Just saw this blog post

manderson15:06:11

I was looking over the Flink documentation and saw an interesting feature... their Workers, which seem to be equivalent to Onyx Peers, allow for multiple tasks to be run in a single task slot, thereby allowing for reuse of resources on resource-light tasks. Wondering if something like this has been considered for Onyx (or even feasible)? One concern I'm running into right now is that for a long running workflow (say connected to kafka), a single peer could be always tied up on a very light task (eg: simple data transform), which may be a waste of resources as a whole. Or am I misunderstanding?

lucasbradstreet15:06:11

@manderson: this will be possible after the current refactor - i.e. tasks sharing a thread. The best approach at the moment is to give those sorts of tasks high batch-timeouts to ensure they’re not doing work most of the time, which frees up some resources for other tasks

lucasbradstreet15:06:37

The latest refactor gives us a lot of flexibility about how we interleave computation

manderson16:06:13

so, the peer will still be assigned exclusively to the task, but if the batch-timeout is high it will be idle and allow for other peers to leverage the freed up resources, correct?

lucasbradstreet16:06:37

Yeah, the thread will be blocked, so at least it won’t be burning CPU

lucasbradstreet16:06:52

It’ll be up to the OS to schedule the other threads though

manderson16:06:26

gotcha. i'm very interested in the refactor. any docs anywhere yet?

lucasbradstreet16:06:28

Not yet, it’s in a pretty heavy state of flux atm. Hopefully we’ll have something a bit more alpha in a month or so

manderson16:06:51

very cool. i think that will be a big win.

lucasbradstreet16:06:33

Yeah, I agree.

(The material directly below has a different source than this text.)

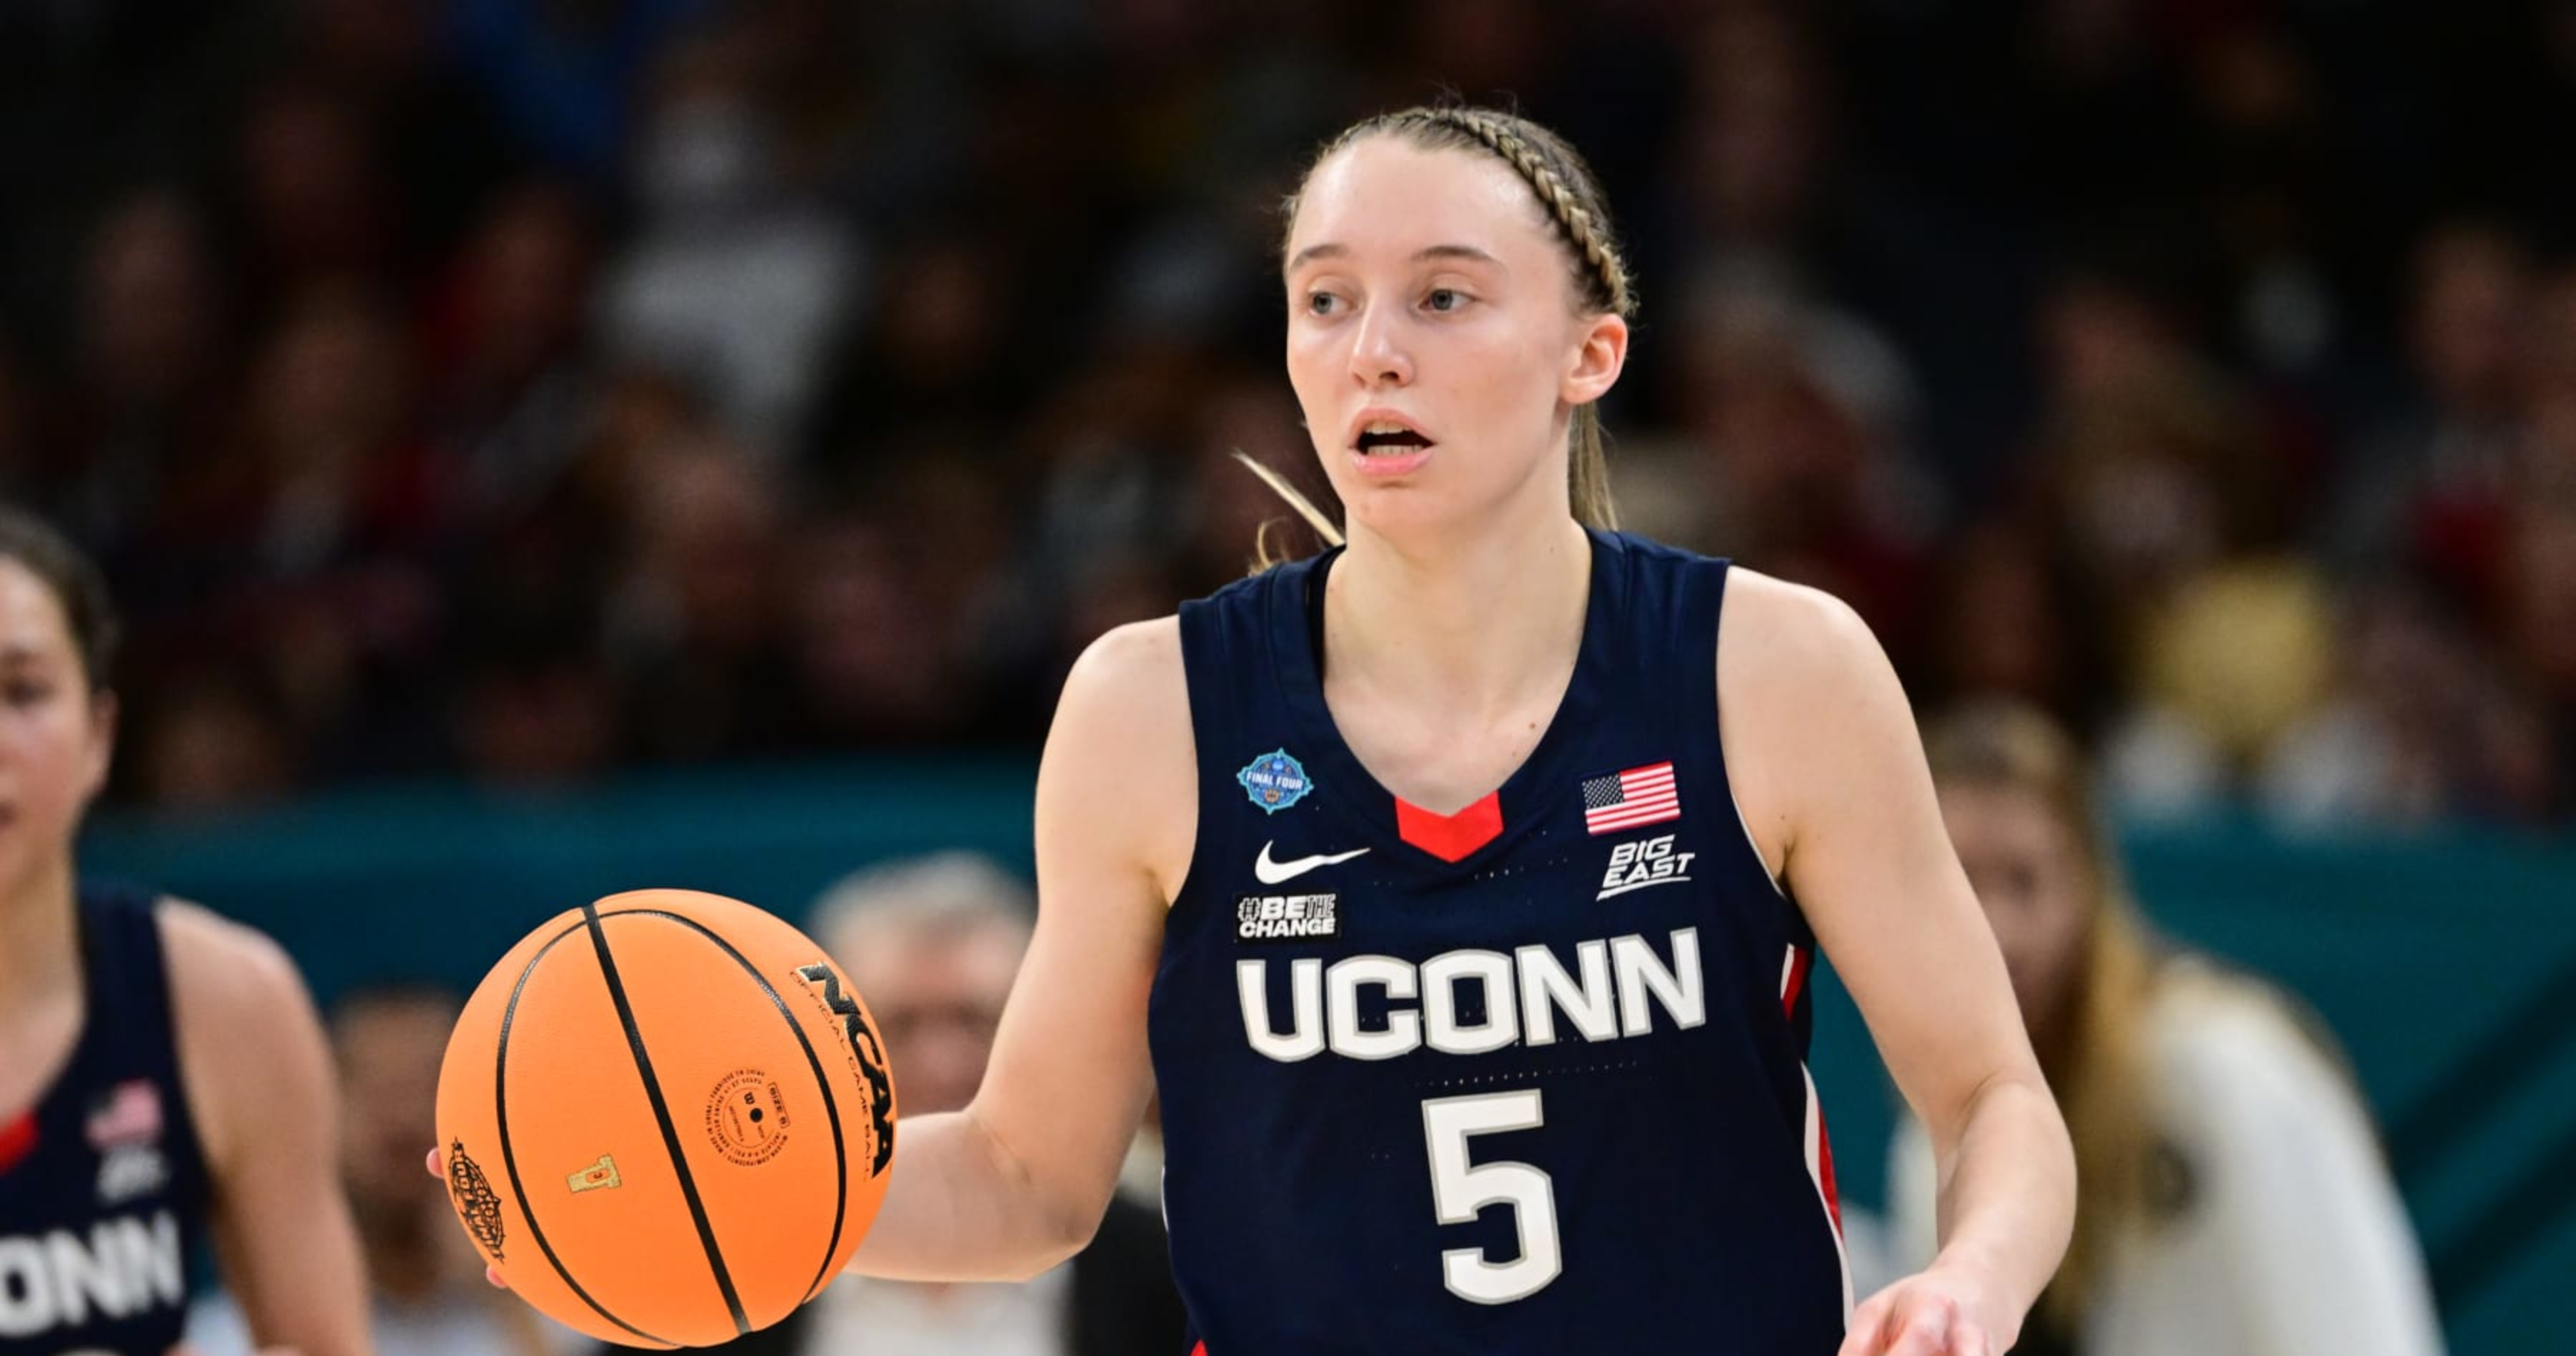 UConn's Paige Bueckers Tears ACL, Will Miss 2022-23 Season with Knee ...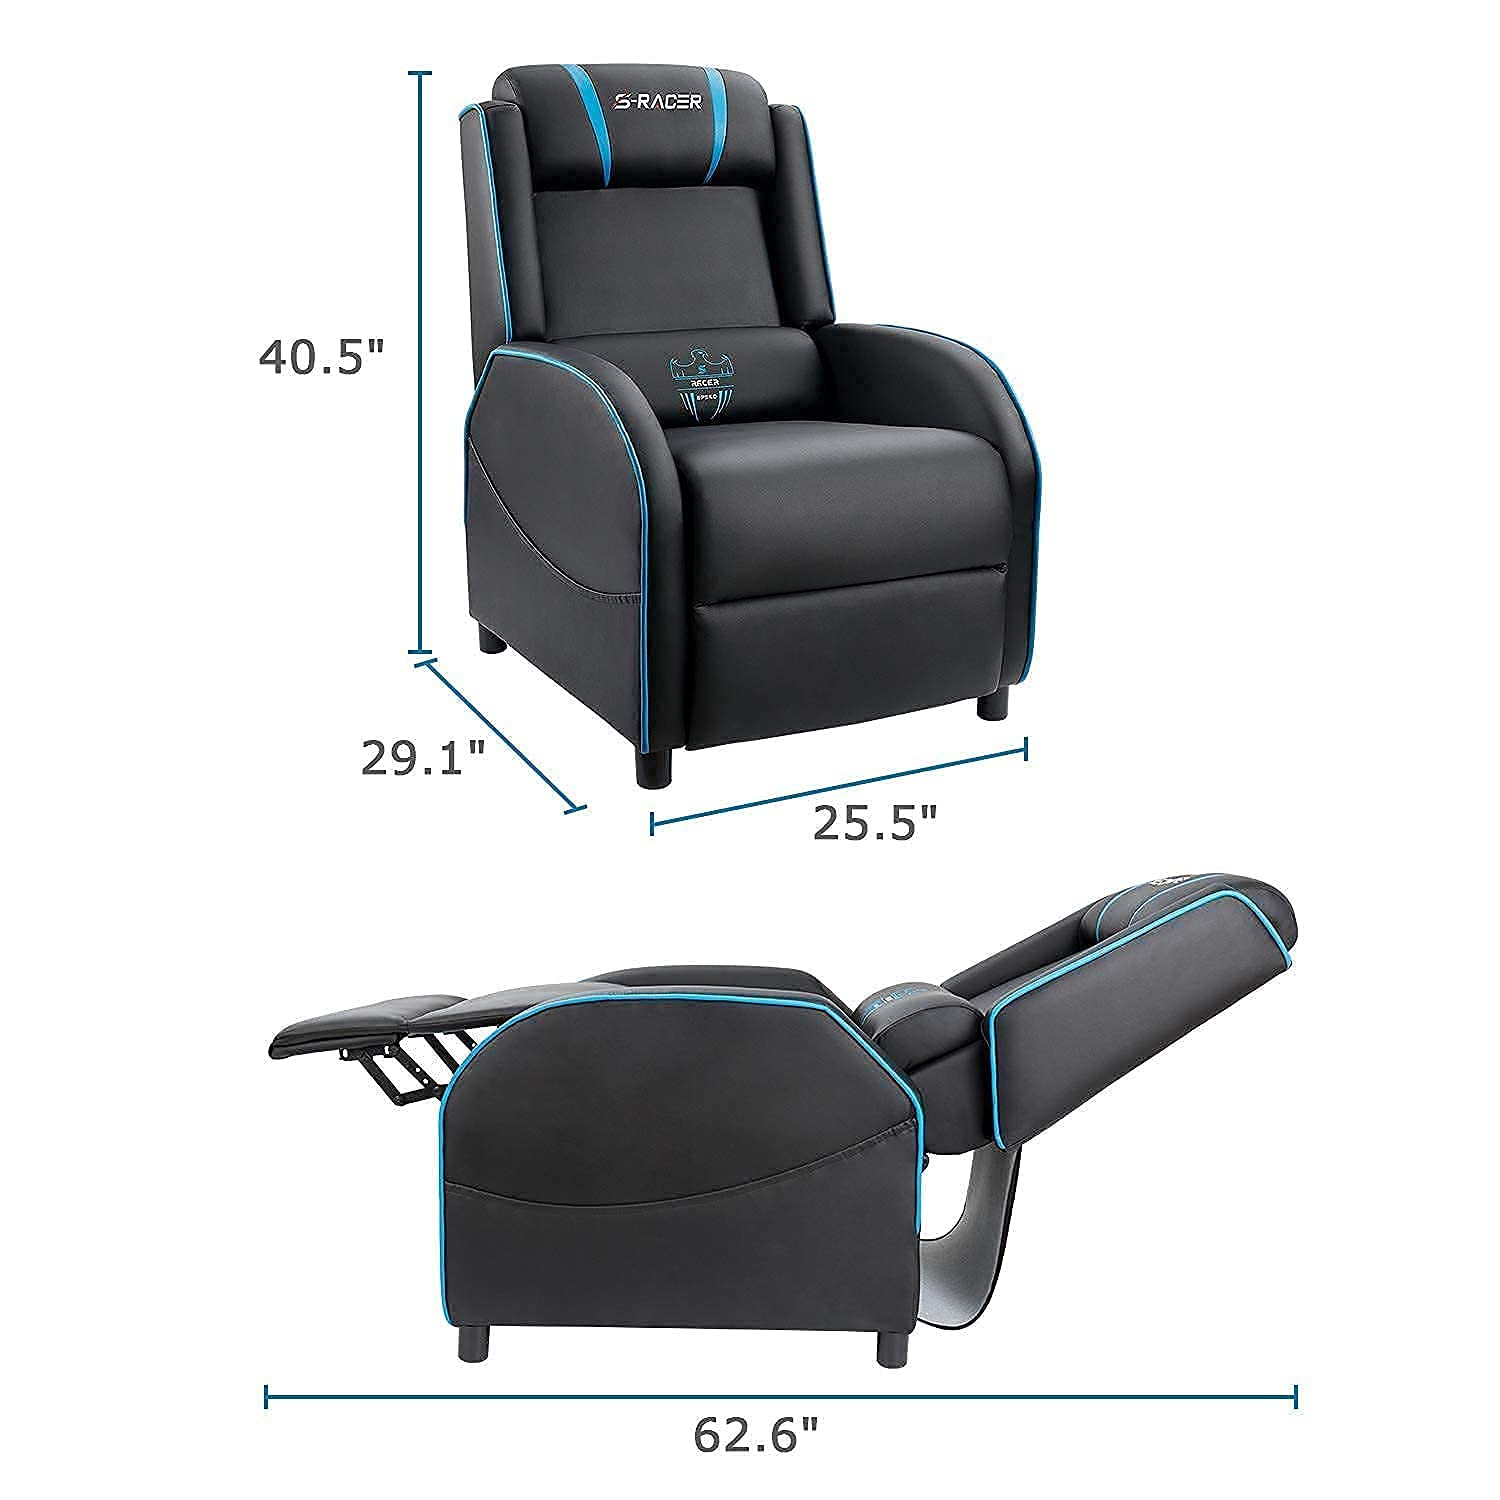 Homall Massage Gaming Recliner Chair, Racing Style Gaming Sofa, PU Leather Home Theater Seating, Modern Living Room Recliners Ergonomic Comfortable Gamer Lounge(Blue)

It wasn’t the reason for the refactor, but I’ve made sure that the way we’ve architected things will allow for it

lucasbradstreet16:06:43

We’re currently property testing peers interleaving actions with a single thread, which allows us to find some pretty complex bugs

lucasbradstreet16:06:48

So this kinda fell out of that too

manderson16:06:12

nice. yeah, that's a hard problem.

lucasbradstreet16:06:31

Can’t do that if you are starting threads all over the place 😄

manderson16:06:56

have you looked into Pulsar/Fibers at all for that?

lucasbradstreet16:06:11

I’ve had a look at pulsar. It’s interesting, but I really don’t want something else in the middle that might slow things down

manderson16:06:20

yep, makes sense

lucasbradstreet16:06:24

It’s important enough that I want to own it

manderson16:06:29

totally agree

manderson16:06:22

just FWIW, a couple other Flink features that struck me: - the Kafka listener allows consuming from multiple topics into a single workflow - resource scheduling. this one is a bit more vague, they're using YARN, which is less than ideal IMO, but if there was some similar mechanism in Onyx perhaps leveraging Mesos or something, that could be really powerful.

manderson16:06:27

random thoughts 🙂

lucasbradstreet16:06:44

For the kafka listener, I think expanding out to multiple tasks programatically isn’t so bad, especially once we can have threads that share tasks

lucasbradstreet16:06:12

For the second part we’re going to come up with some kubernetes tutorials for this sort of thing. Mesos should be similar

lucasbradstreet16:06:30

We’ll get there

manderson16:06:34

awesome. yep, great stuff. appreciate all the hard work!

manderson16:06:03

i'll keep my ears open for updates on the refactor

andrewhr16:06:38

+1 on this refactor 😄